Summary

The website content provides a tutorial on how to update a pre-trained machine learning model with new data using Scikit-learn's warm_start parameter and partial_fit() method.

Abstract

The article on the website offers a step-by-step guide for practitioners looking to incrementally train machine learning models using Scikit-learn. It addresses the challenge of retraining models when new data becomes available, emphasizing the inefficiency of retraining from scratch, especially for large datasets or models that require extensive computational resources. The author illustrates two strategies: using warm_start=True to add new estimators to an existing ensemble model, such as a Random Forest Classifier, and employing the partial_fit() method available in certain models like the SGDClassifier. The tutorial uses the Iris dataset to demonstrate how these methods can improve model performance without discarding previously learned information. The article concludes by encouraging readers to explore the Scikit-learn documentation for models that support incremental learning and to check out the author's Github repository for the code examples used in the tutorial.

Opinions

The author suggests that using warm_start=True and partial_fit() can be more efficient than retraining a model from scratch when new data is available.
It is noted that warm_start=True should not be used in cases where there is concept drift in the data.
The article implies that incremental learning can lead to better model performance, as demonstrated by the improved score when using warm_start=True with additional data.
The author expresses that not all models in Scikit-learn support incremental learning, highlighting the importance of checking the documentation.
There is an encouragement to engage with the author's other content, suggesting that the reader may find additional value in the author's broader body of work.

Machine Learning

How to Add New Data to a Pretrained Model in Scikit-learn

A step-by-step tutorial on how to use warm_start=True and partial_fit() in scikit-learn

When you build a Machine Learning model from scratch, usually, you split your dataset into training and test set, and then you train your model on your training set. Then, you test the performance of your model on your test set, and if you get something decent, you can use your model for prediction.

But what if new data becomes available at some point?

In other words, how to train an already trained model? Or again, how to add new data to an already trained model?

In this article I try to give some answers to this non-trivial question, using the scikit-learn library. You can check this interesting article by Vidhi Chugh to understand when you need to retrain your model.

One possible (trivial) solution to the previous question, could be to train the model from scratch, by using both old and new data. However, this solution does not scale, if the first training requires a long time.

The solution to the problem is to add samples to an already trained model. And this scikit-learn allows you to do it in some cases. Just follow some precautions.

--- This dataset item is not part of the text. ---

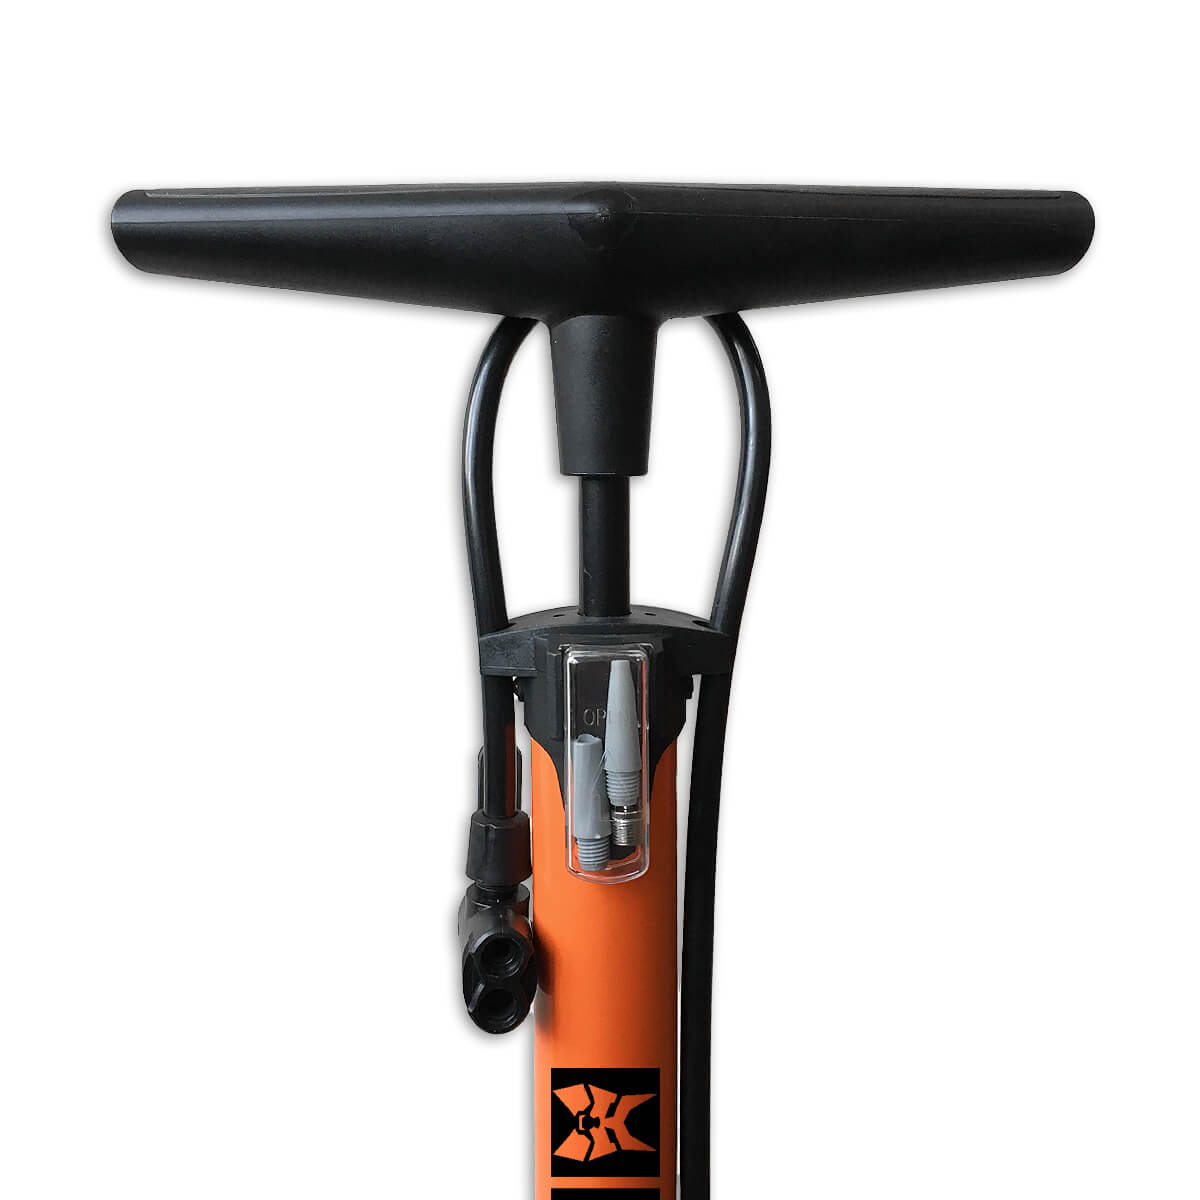 Pompa per biciclette con manometro a 6 bar arancione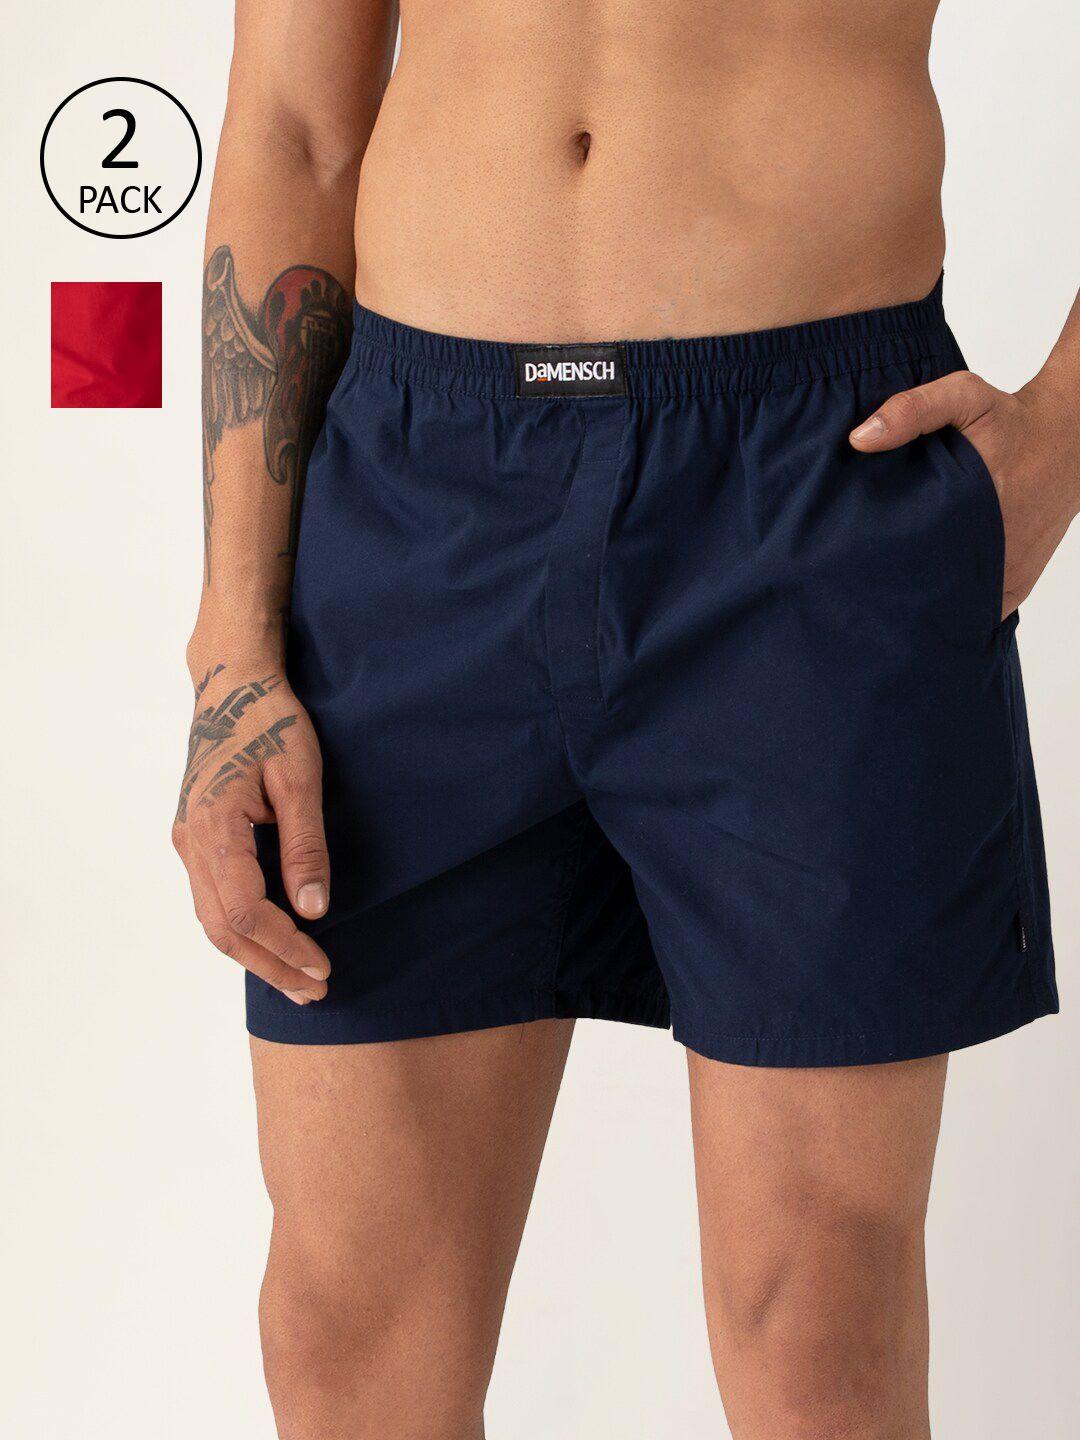 damensch men pack of 2 solid ultra-light cotton regular fit boxer shorts

Scikit-learn proposes two strategies:

partial fit
warm start

To illustrate how to add new data to a pre-trained model in Scikit-learn, I will use a practical example, using the well-known iris dataset, provided by the Scikit-learn library.

warm start

A warm start is a parameter provided by some Scikit-models. If it is set to True, it permits the use of the existing fitted model attributes to initialize a new model in a subsequent call to fit.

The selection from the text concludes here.